Some of his family loaned him small amounts of money at times,
and then, when he was unable to pay them back, they took his
land. Then they threw him out of the house."

It seems that he was fond of the young girls, but was totally inept around them. They would tease him and he would throw stones at the girls. When Vincent began talking with them this is their first memory.

"His thinking wasn't straight, his head wasn't straight. He just wasn't normal in the way people should be normal. Once a man wanted to clean him up because he was a filthy person, he never washed. Never cleaned his clothes. People were afraid of him because he was so filthy and
smelled so bad."

"He got people really mad. And they made him angry.

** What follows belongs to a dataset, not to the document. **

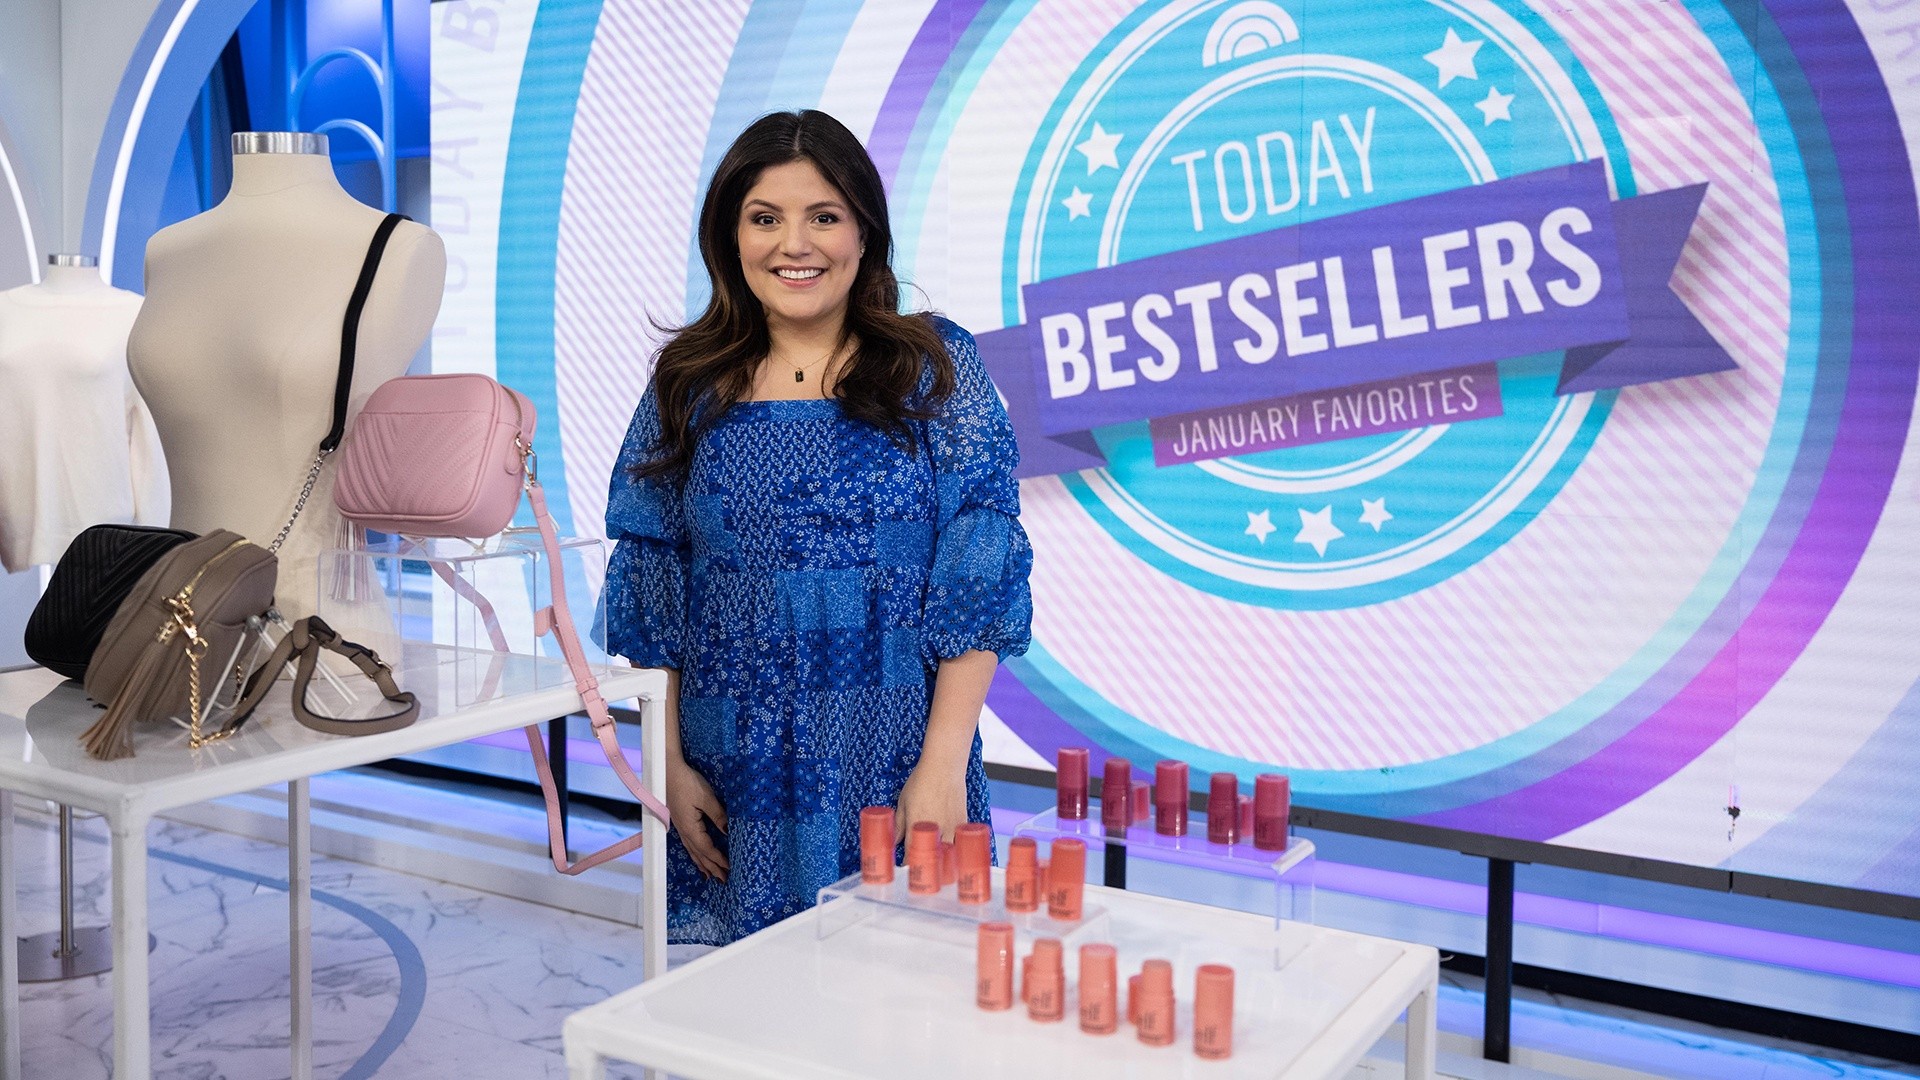 🧖‍♀️Wake up with #TYMO Featured in The Today Show Bestsellers

There was a lot of rock throwing and name calling."

"They taunted him by calling him Mono (monkey) and laughed at him when he got mad."

"He might have been appreciated in older times, times when people appreciated people like him, people who were touched or slow, but knew when earthquakes were about to happen, or how to make the rains come. He could have been a spiritualist, he would have had some respect. He might have been a diviner or an oracle and had a real place here."

His name was Adoy. (K'aamronel, Cargador. Eb'rel, drunk). He was from the pueblo of Panul originally. He was Diego Rianda. He will be remembered by many as an entertainer, a simple thankful man, always grateful for a few coins to buy rum, one who, probably never knowing it, enriched lives just by being a special character.









(( Vincent Stanzione is the author of Rituals of Sacrifice: University of New Mexico Press ))

1 comment:

  1. No person, no matter how poor or handicapped, or mentally challenged, should pass from this earth without acknowledgement that he lived. What you did here, in honoring this poor soul, was a selfless act of kindness, or what we call a mitzvah.

    And, you're writing is improving!